* [Task description]: Everything in the data must be repeated exactly, apart from the pictures, which are left out.

* [Data extract]:
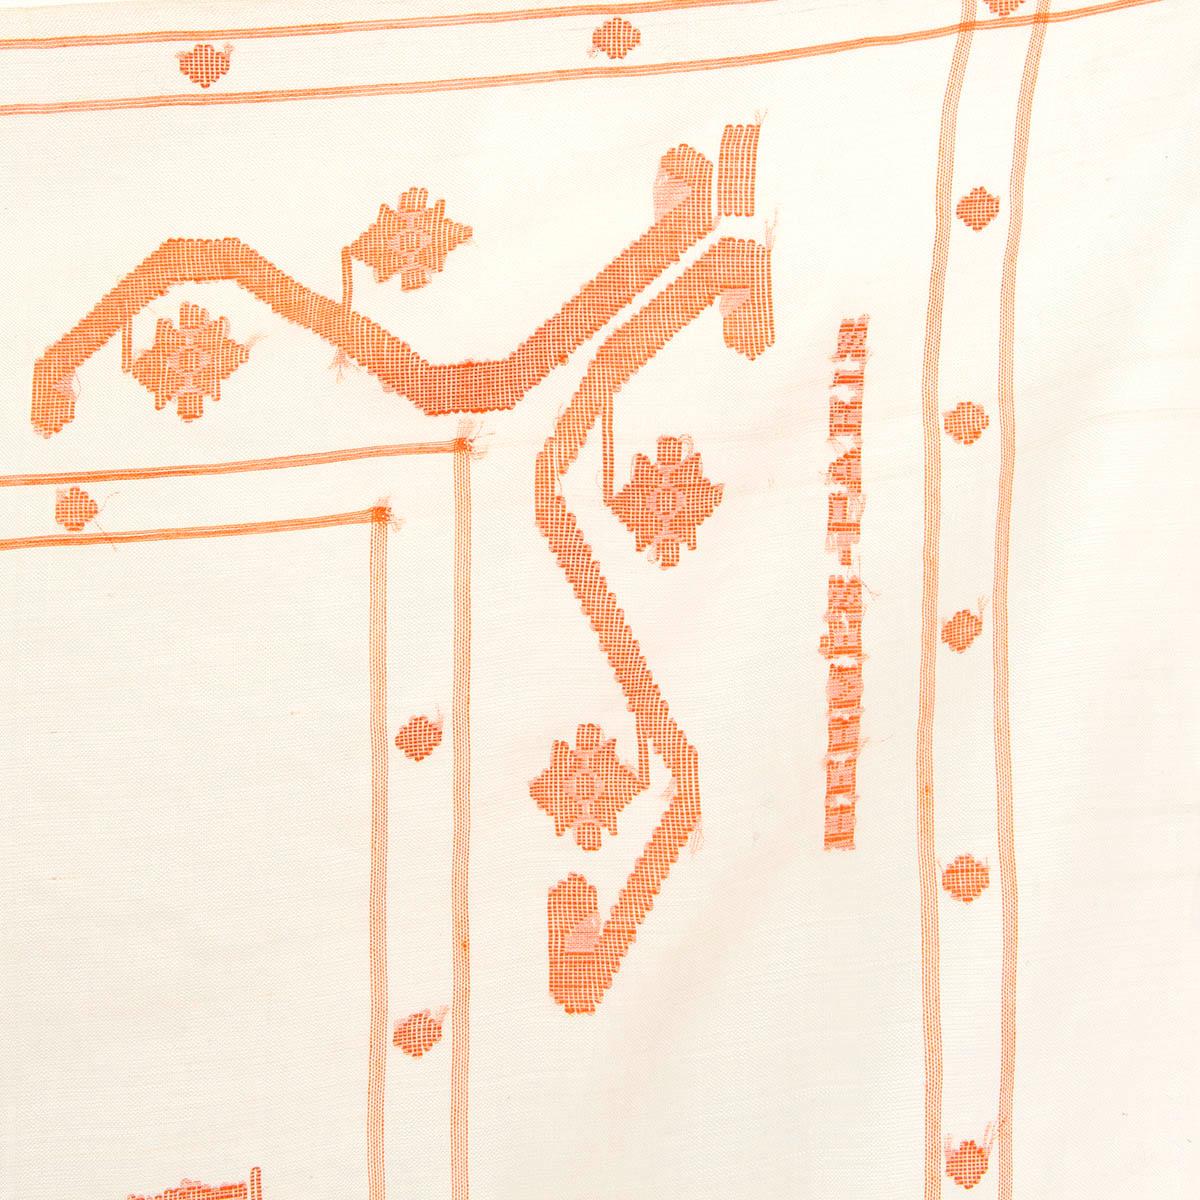 100% authentic Hermès fringed scarf in ivory and orange cotton voile (50%), silk (40%) and viscose (10%) with detail in orange. Handwoven in India. Has been worn and is in excellent condition. 

Measurements
Width	90cm (35.1in)
Length	200cm

* [Answer area]:
 100% authentic Hermès fringed scarf in ivory and orange cotton voile (50%), silk (40%) and viscose (10%) with detail in orange. Handwoven in India. Has been worn and is in excellent condition. 

Measurements
Width	90cm (35.1in)
Length	200cm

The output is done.